**Exercise instructions**
Entries follow. Give back exactly the lines starting at the one containing "2000 บาท **" and ending at the one containing "#Hairroomsora #Hairroomsorabangkok #🤖", and no other lines.

*** Supplied records

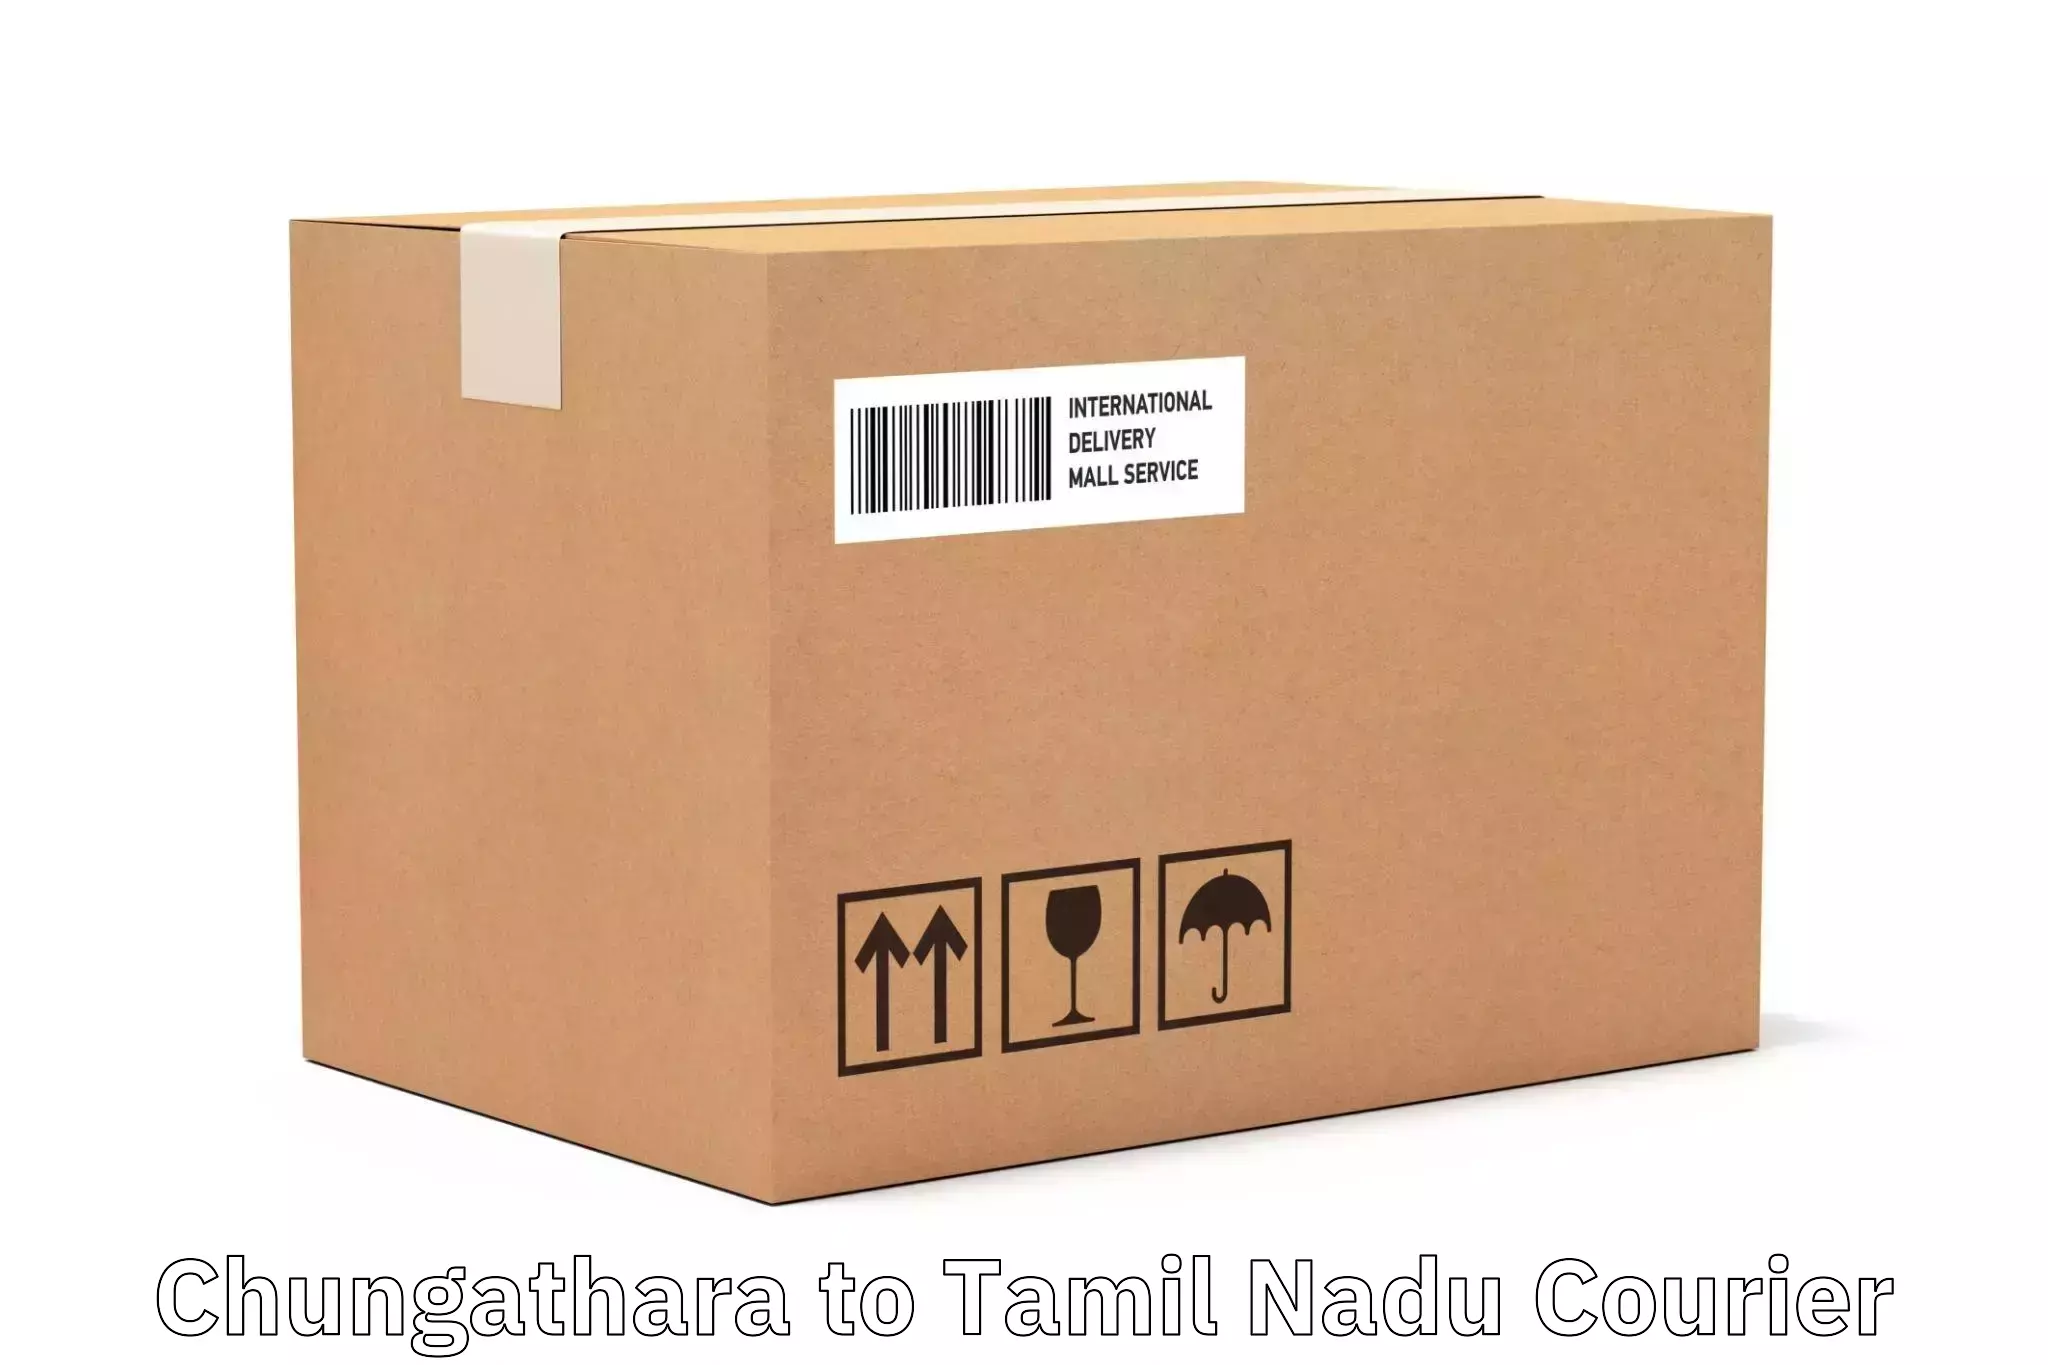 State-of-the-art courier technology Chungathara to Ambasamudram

******
*** Supplied records

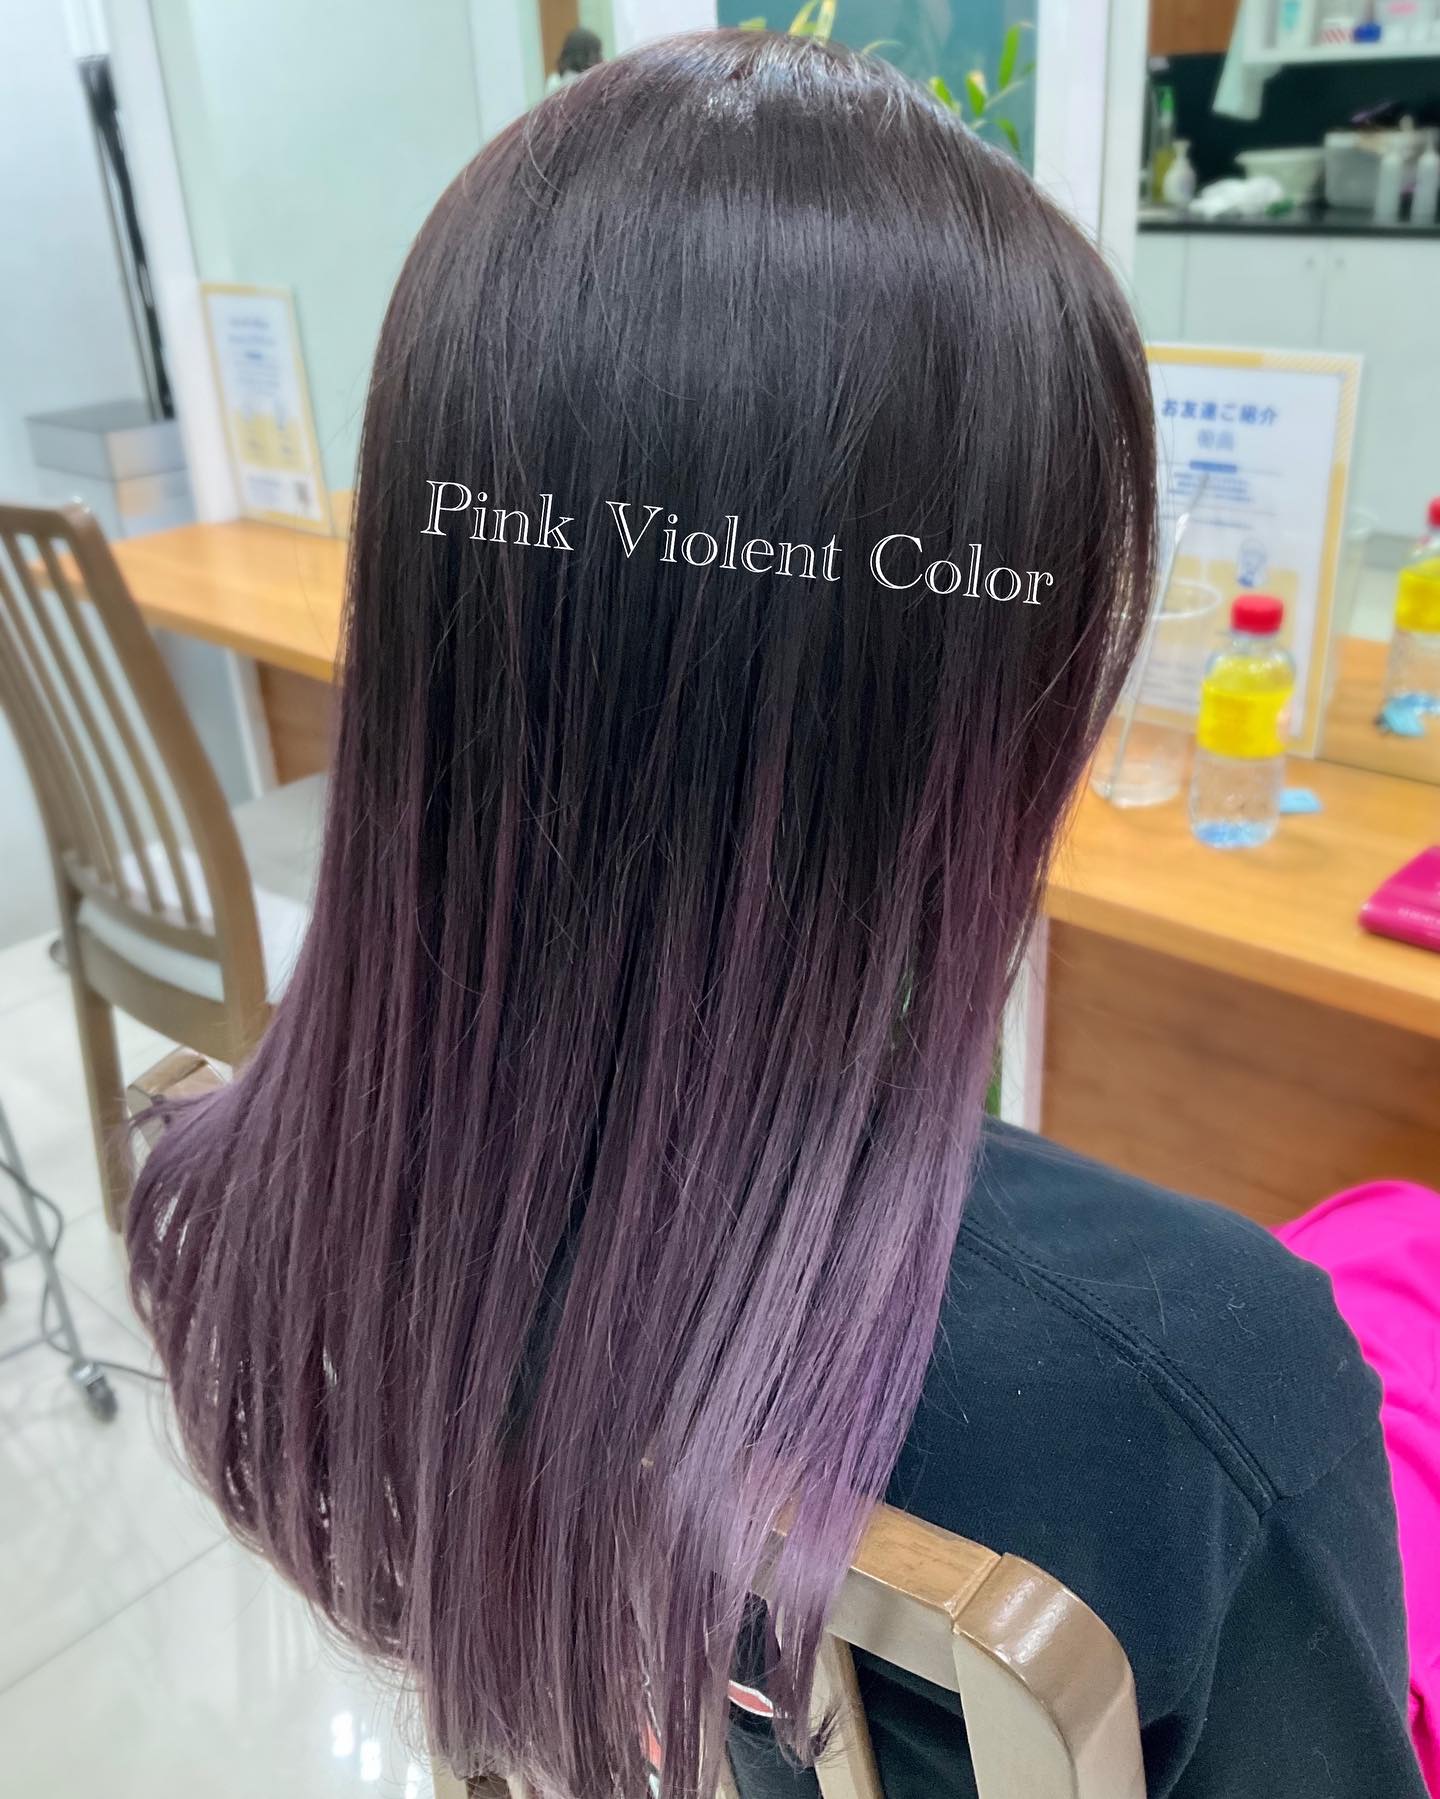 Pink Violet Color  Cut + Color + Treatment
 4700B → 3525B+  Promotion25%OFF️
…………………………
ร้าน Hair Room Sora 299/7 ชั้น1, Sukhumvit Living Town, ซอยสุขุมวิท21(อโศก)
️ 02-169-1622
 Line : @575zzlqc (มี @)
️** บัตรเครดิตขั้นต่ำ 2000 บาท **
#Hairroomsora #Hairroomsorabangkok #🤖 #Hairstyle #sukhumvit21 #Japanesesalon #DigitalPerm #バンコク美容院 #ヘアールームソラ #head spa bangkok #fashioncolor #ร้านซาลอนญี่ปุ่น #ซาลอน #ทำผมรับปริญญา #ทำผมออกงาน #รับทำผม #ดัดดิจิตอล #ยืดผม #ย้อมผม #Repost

******

**Result for this task**
️** บัตรเครดิตขั้นต่ำ 2000 บาท **
#Hairroomsora #Hairroomsorabangkok #🤖 #Hairstyle #sukhumvit21 #Japanesesalon #DigitalPerm #バンコク美容院 #ヘアールームソラ #head spa bangkok #fashioncolor #ร้านซาลอนญี่ปุ่น #ซาลอน #ทำผมรับปริญญา #ทำผมออกงาน #รับทำผม #ดัดดิจิตอล #ยืดผม #ย้อมผม #Repost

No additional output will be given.